Alle Gesetze zu erlassen, die notwendig und angemessen sind, um die vorstehenden Befugnisse und alle anderen Befugnisse, die in dieser Verfassung zustehen, der Regierung der Vereinigten Staaten oder einer ihrer Abteilungen oder Beamten in Kraft zu setzen.

Beachten Sie die Sprache dieser Klausel, es ist sehr spezifisch, wie diese implizite Befugnis umgesetzt werden soll. Die vom Kongress im Rahmen dieser Klausel verabschiedeten Gesetze müssen ihre Autorität aus der Verfassung selbst haben. Dies ist nicht die Macht, die Macht des Kongresses über das hinaus zu erweitern, was in der Verfassung steht. Dies ist die Befugnis, Gesetze zu erlassen, die ihnen helfen, die Befugnisse dieser Verfassung auszuüben. Hier sind ein paar Beispiele.
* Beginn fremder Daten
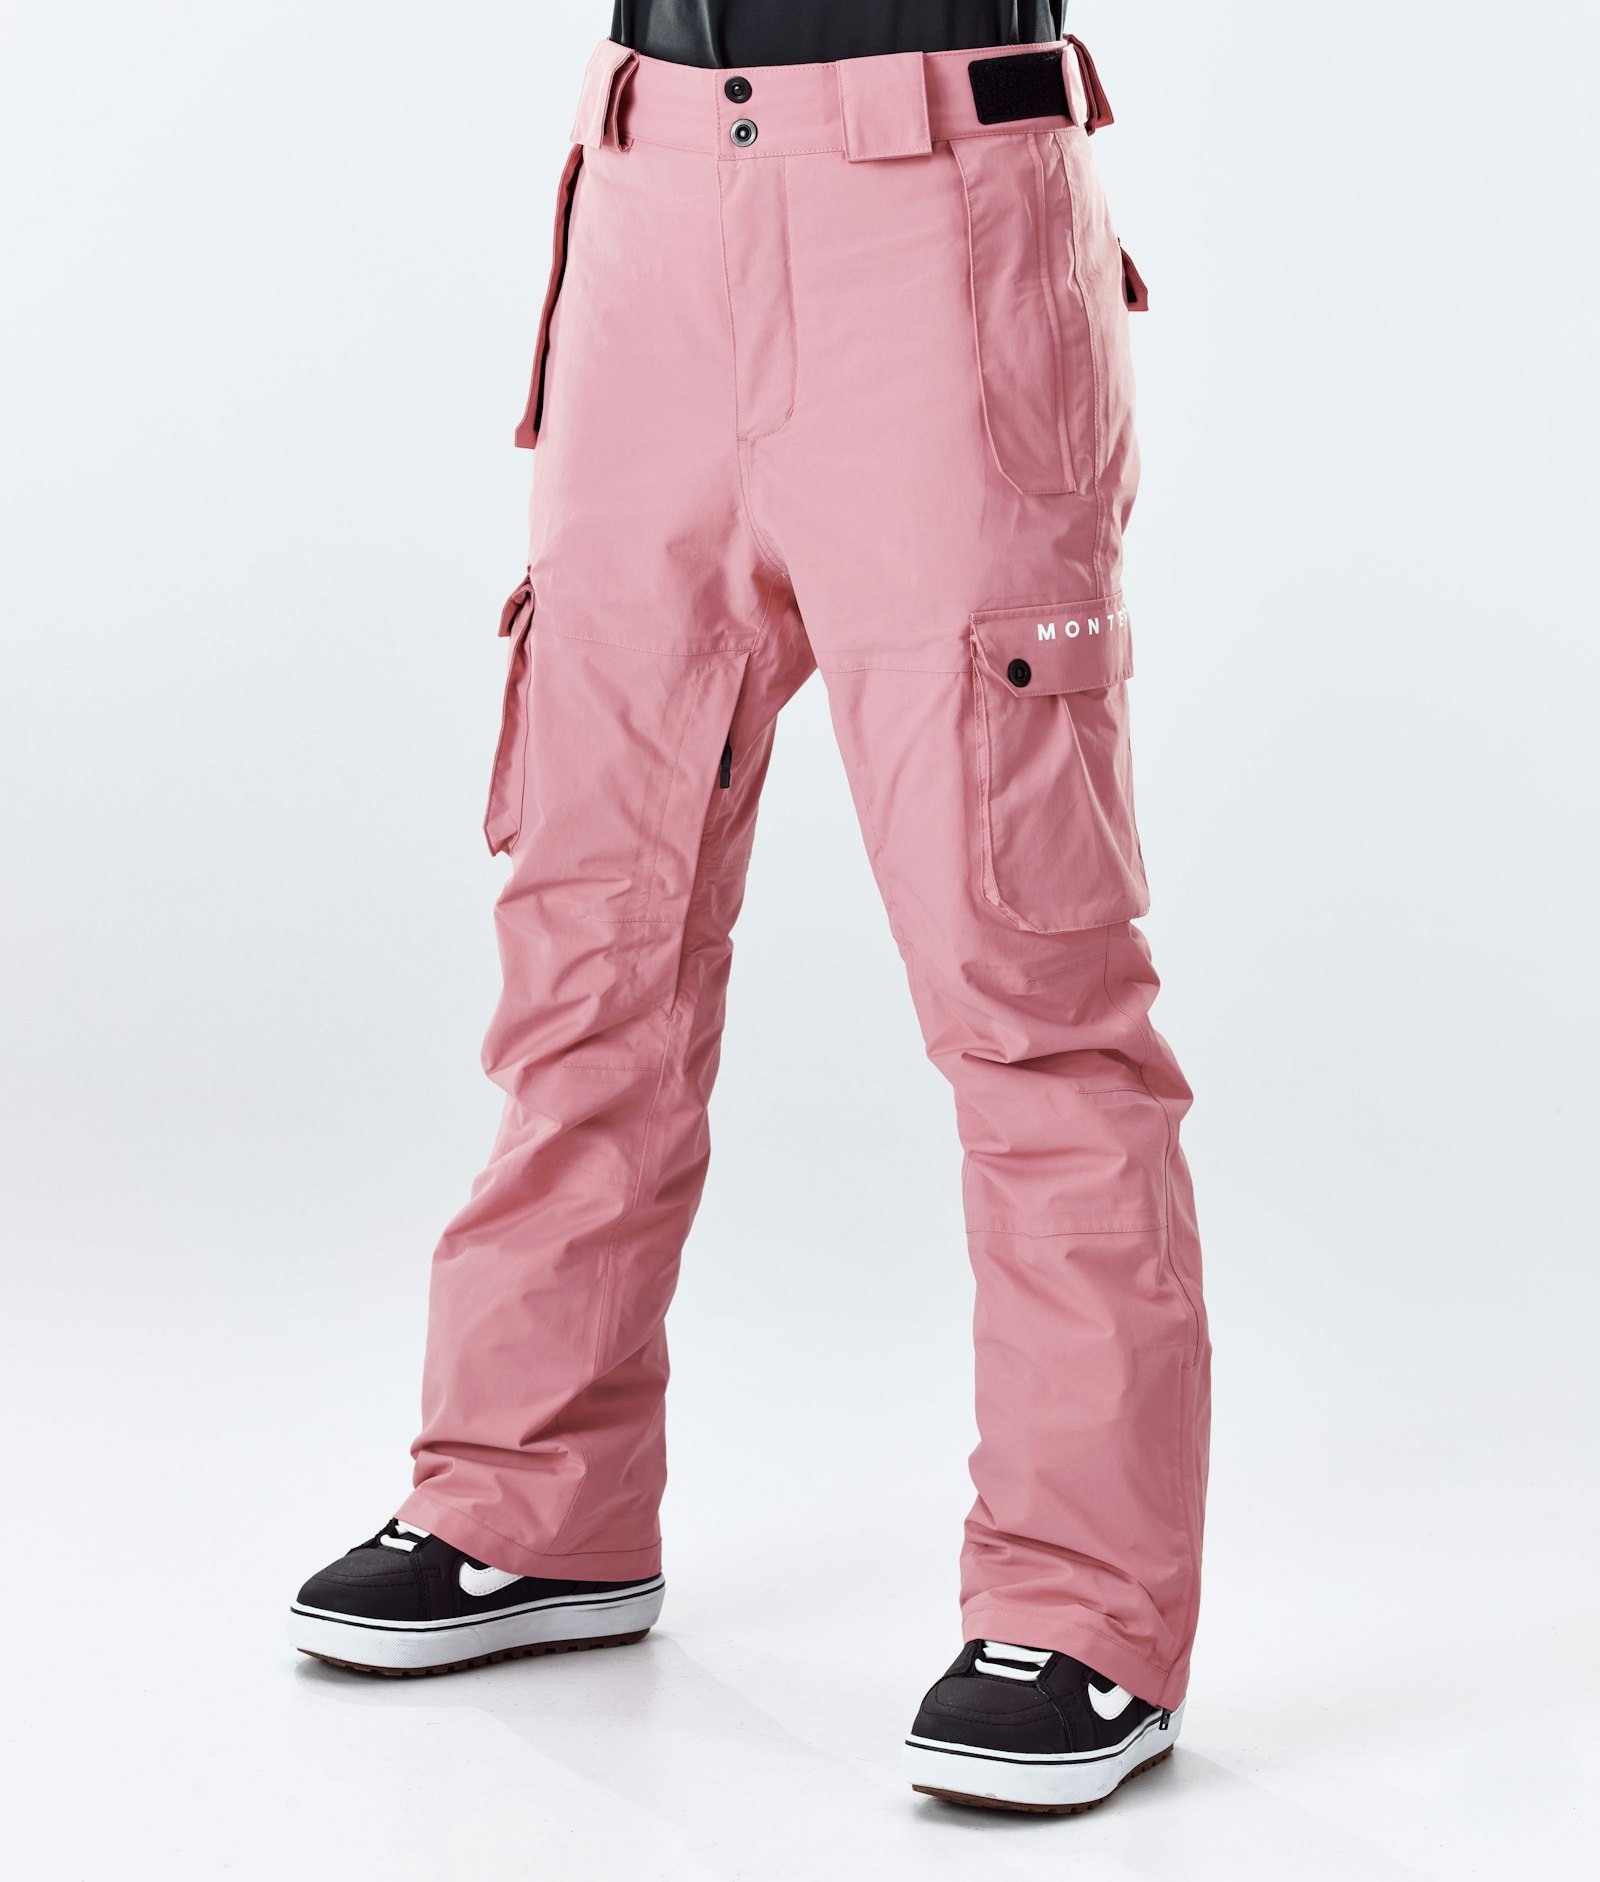 Doom W 2020 Snowboard Pants Women Pink Renewed, Image 1 of 6
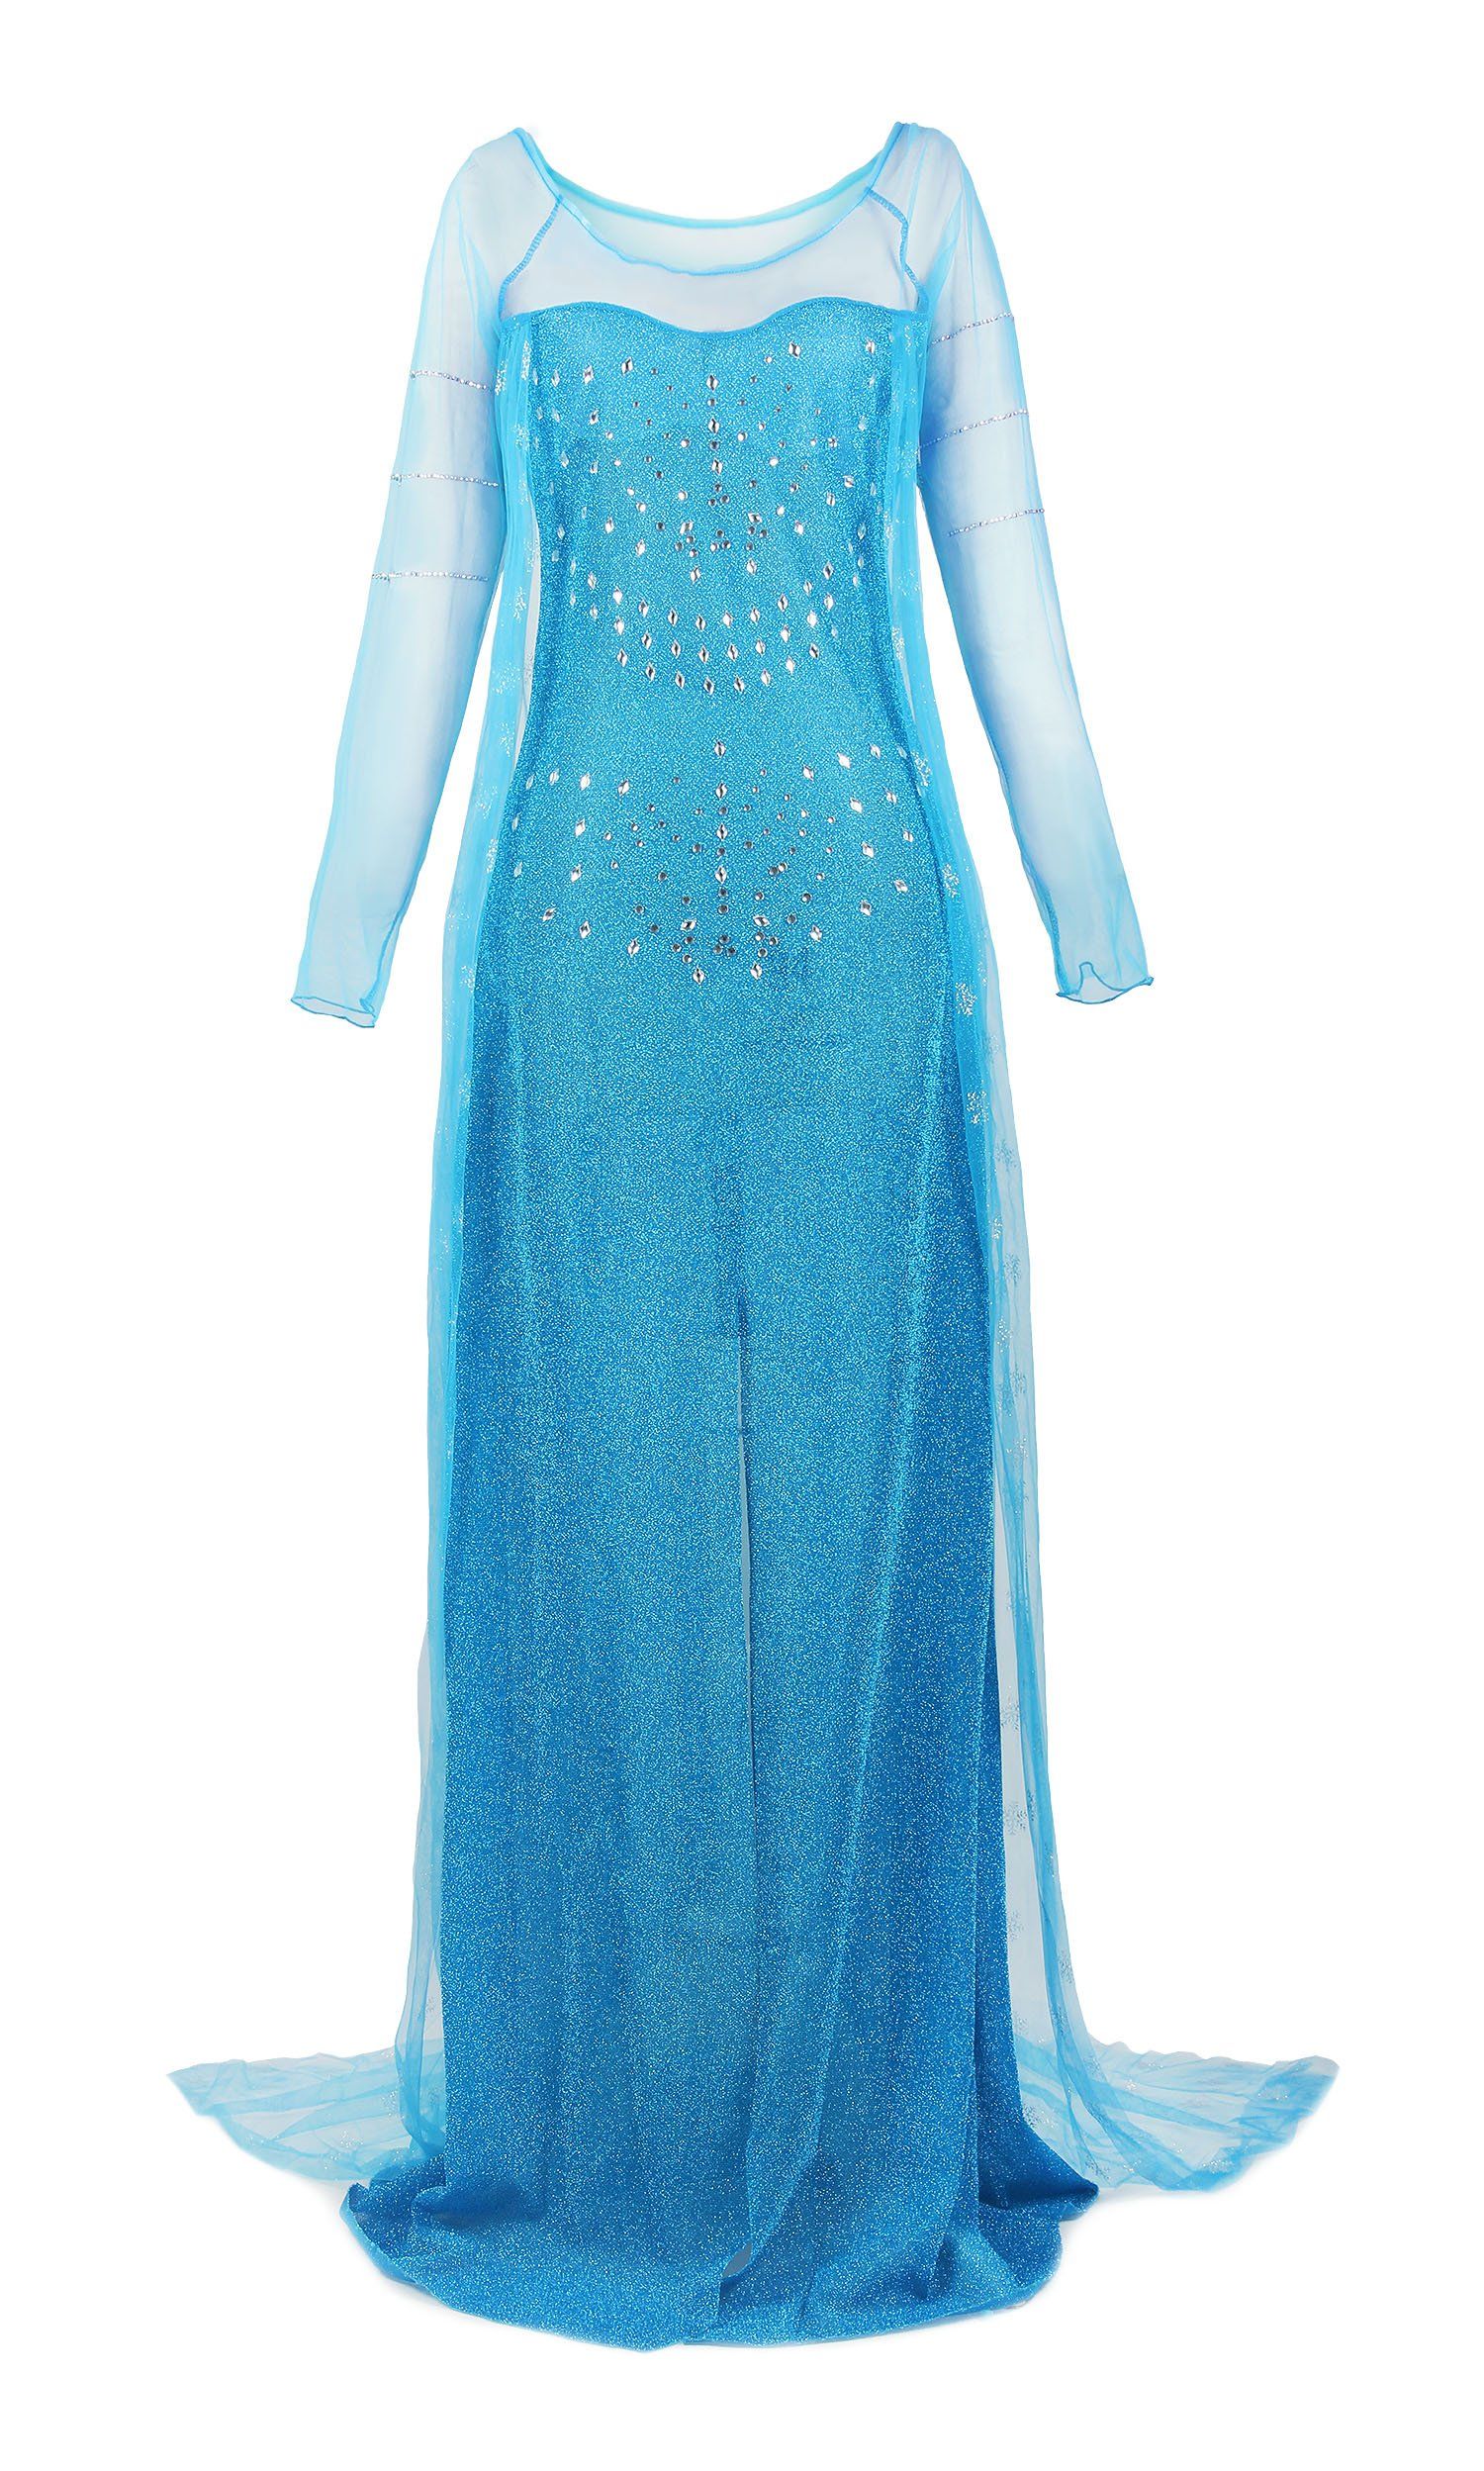 Relibeauty Womens Princess Elsa Sequin Dress Up Costume Large Blue

Artikel I, Abschnitt 7 der Verfassung ist der Hauptteil der Verfassung, der sich mit dem Gesetzgebungsverfahren des Kongresses befasst. Wenn Sie es lesen, werden in den Klauseln keine Details zur Verabschiedung eines Gesetzes beschrieben. Only that both houses of Congress must concur with each other on any bill and that the President must sign said bill. There is nothing in there about committees, subcommittees, conference committees, limits on debate, how a law will be introduced, or any other details. Well those procedures were created out of the implied power of Congress. To carry out the power of passing bills into laws the Congress need to pass rules explaining how to pass a law with which both houses concur. This is also part of their procedural rules (Article I, Section 5, Clause 2) that they pass every two years.

Another big example I use most often with my students, is the postal powers given to Congress (Article I, Section 8, Clause 7). The text reads as follows: To establish Post Offices and Post Roads.” Congress and the government does over see the United States Postal Service, but its mostly left alone as a government corporation. Technically under the implied powers of Congress this also means that Congress has the authority to regulate companies like FedEx, UPS, DHL, and other similar companies. The reason being is that they carry post, or mail. One could also reasonable imply that since almost roads in the United States carry post they also have the power to regulate these as well. I will strech this example just a little bit further. Since mail is often times also carried on airplanes then they have the authority, granted by this the implied power clause, to regulate air traffic as well.

This is also where the power of the military draft comes from its an implied power of Congress to raise and maintain an Army and Navy.

I hope those examples are enough for you to understand the differences between the expressed and implied powers in our U.S. Constitution. These will be referenced a lot as we dive into the powers of the Constitution next week. If you have any questions do not hesitate to email or comment on this blog or on Facebook (it gets posted there as well).

One last thing before I dismiss class. I mentioned yesterday that I was thinking of moving my blog entirely to Facebook. Please send me any thoughts you may have on the subject.


Case law [ edit ]

Later, directly borrowing from Hamilton, Chief Justice John Marshall invoked the implied powers of government in the United States Supreme Court case, McCulloch gegen Maryland. In 1816, the United States Congress passed legislation creating the Second Bank of the United States. The state of Maryland attempted to tax the bank. The state argued the United States Constitution did not explicitly grant Congress the power to establish banks. In 1819, the Court decided against the state of Maryland. Chief Justice Marshall argued that Congress had the right to establish the bank, as the Constitution grants to Congress certain implied powers beyond those explicitly stated.

In the case of the United States Government, implied powers are powers Congress exercises that the Constitution does not explicitly define, but are necessary and proper to execute the powers. The legitimacy of these Congressional powers is derived from the Taxing and Spending Clause, the Necessary and Proper Clause, and the Commerce Clause.

Implied powers are those that can reasonably be assumed to flow from express powers, Α] though not explicitly mentioned.